Friday, 10 August 2018



Gajalakshmi Paramasivam

10 August 2018

Foreign Judgment on Australians?

[I visited 14 prisons across Australia, and heard story after story of Indigenous people with disabilities, whose lives have been cycles of abuse and imprisonment, without effective support. The result is Australia’s prisons are disproportionately full of Indigenous people.] Kriti Sharma of Human Rights Watch – in her report ‘The Nightmare Lives of Indigenous Prisoners in Australia’

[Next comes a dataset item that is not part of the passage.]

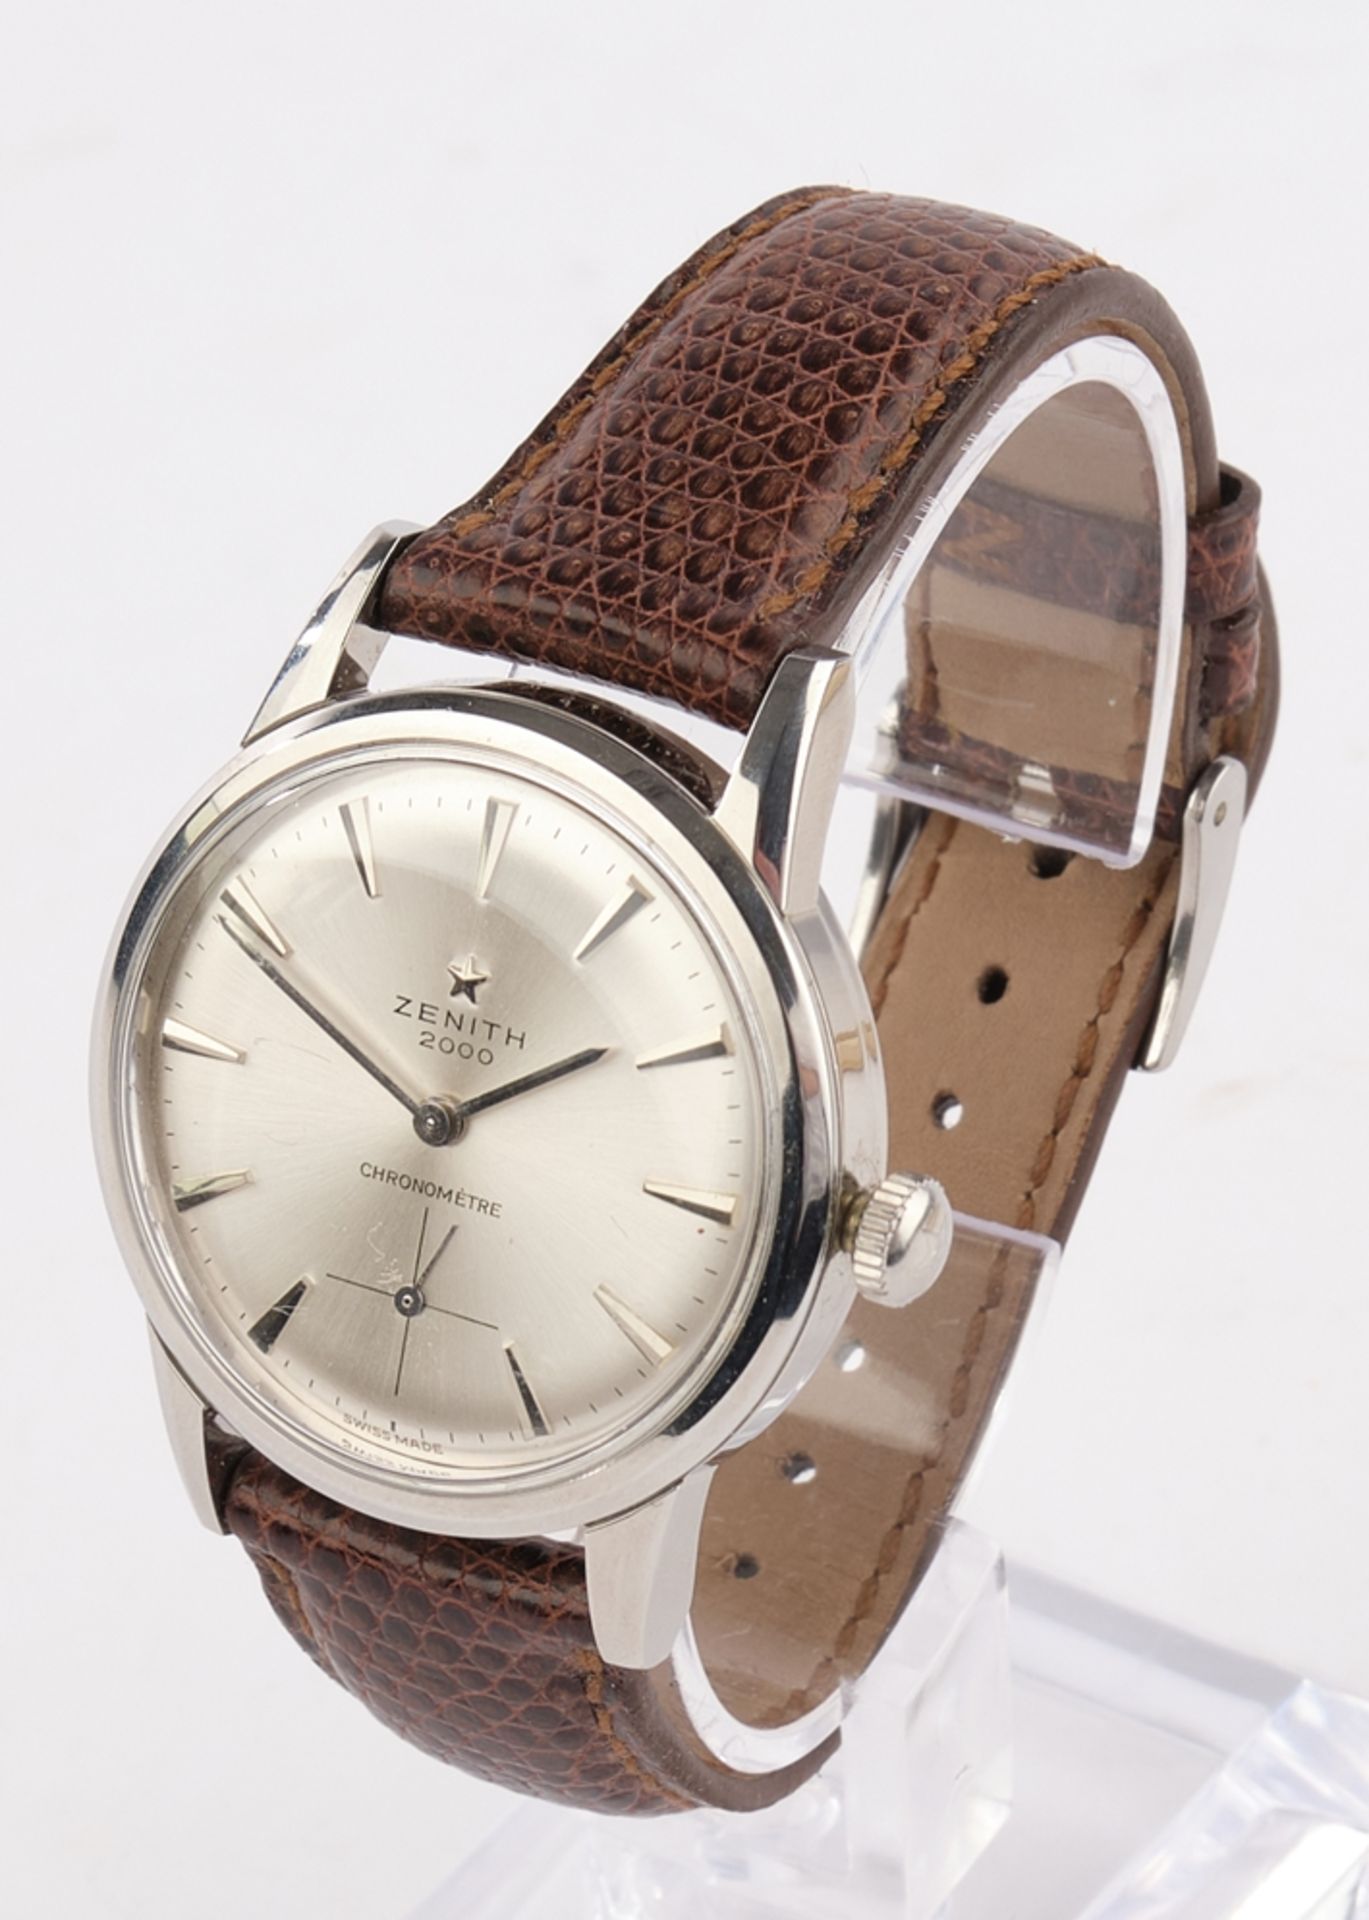 Armbanduhr Zenith 2000 Chronometer, Schweiz, 1960er Jahre, wohl Cal. 135, Handaufzug, neuwertiges b - Image 4 of 7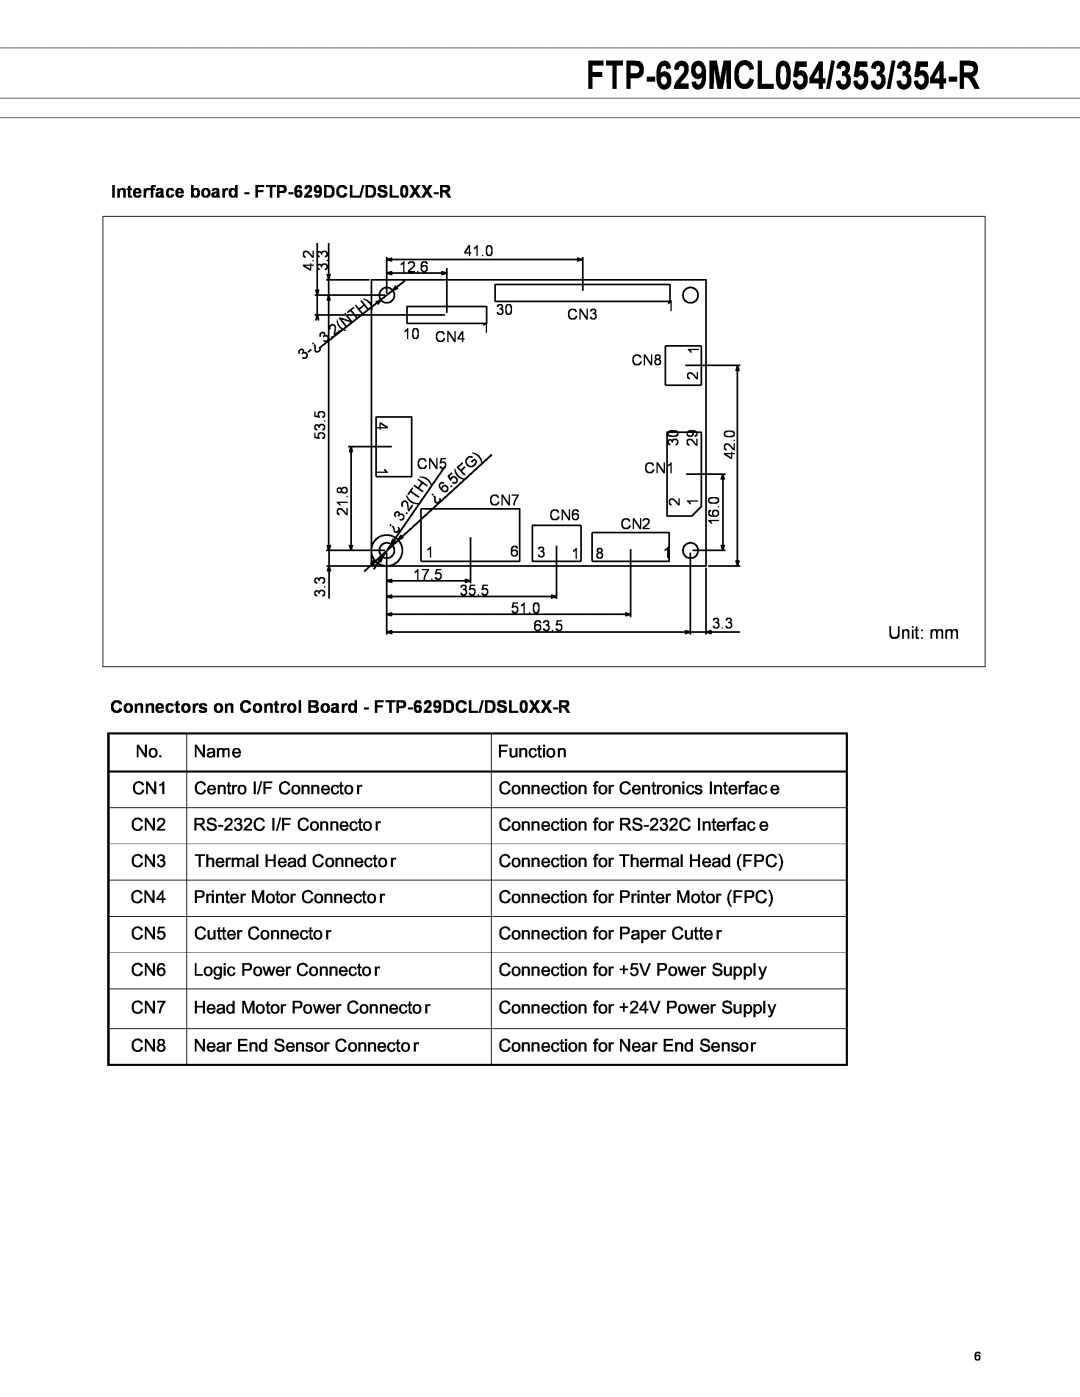 Fujitsu manual FTP-629MCL054/353/354-R, Interface board - FTP-629DCL/DSL0XX-R, 2NTH 3 -¿

Taken as a community, Indigenous Australians have also committed similar atrocities. Magistrate Pat O’Shane – of the Indigenous community for example unlawfully ordered  me to go to prison for one year . The alleged offence was Trespass. I had the lawful right to be at the University of NSW. But the Indigenous lady sent me to prison – not caring about my rights as an Australian and the disability as a current migrant. In prison, other female prisoners – Indigenous as well as Non-Indigenous, shared their experiences with me. None of the Indigenous Australian prisoners complained of discrimination. Hence I do not identify with the above report. Taken as a community – perpetrators dilute the victims’ entitlements.

I find the report unreliable – due to lack of commonness felt with the prisoners. Dr Kriti Sharma, is an outsider to the Australian system. I lived and worked as an Australian and endured pain as an Australian worker,  to have the subjective connection and the authority to criticize my seniors in the Australian system. Outsiders have no right to publish outcomes – without independent, public, objectively measurable outcomes produced by us. The methodology is seriously flawed.
Human Rights Watch expresses opinions on Sri Lankan war outcomes also. The evidence regarding the internal outcomes during the 2009 war were passed on by Sinhalese soldiers who had positive humanitarian value. Tamil soldiers have failed to demonstrate similar shame about their side. It is when we identify with our own weaknesses that we have recourse to lasting solution.
We have the duty to wait until Indigenous Australians reveal the suffering of their community prisoners. It is a human right that we are all entitled to. The entitlement is developed through shared ownership. When I was unjustly sent to prison and was labelled as a mentally ill person – only my immediate family supported me. The Australian Tamil community did not. They probably considered the suffering of refugees to be greater than mine. But to me the Truth is that our pain is relative to our investment in the issue – in this instance our sense of independence/sovereignty.

If the suffering of Indigenous Australians is greater than that of the Tamil refugees – then Australian Tamil leaders have the duty to discourage Indigenous Tamils from  coming  to Australia and not complain when they are sent back to Sri Lanka. Since they do complain – one is entitled to conclude that with all its faults – Australia is a better place for Indigenous communities than Sri Lanka. Human Rights evaluations by outsiders need to be done in a global context – through global principles and not on one to one basis.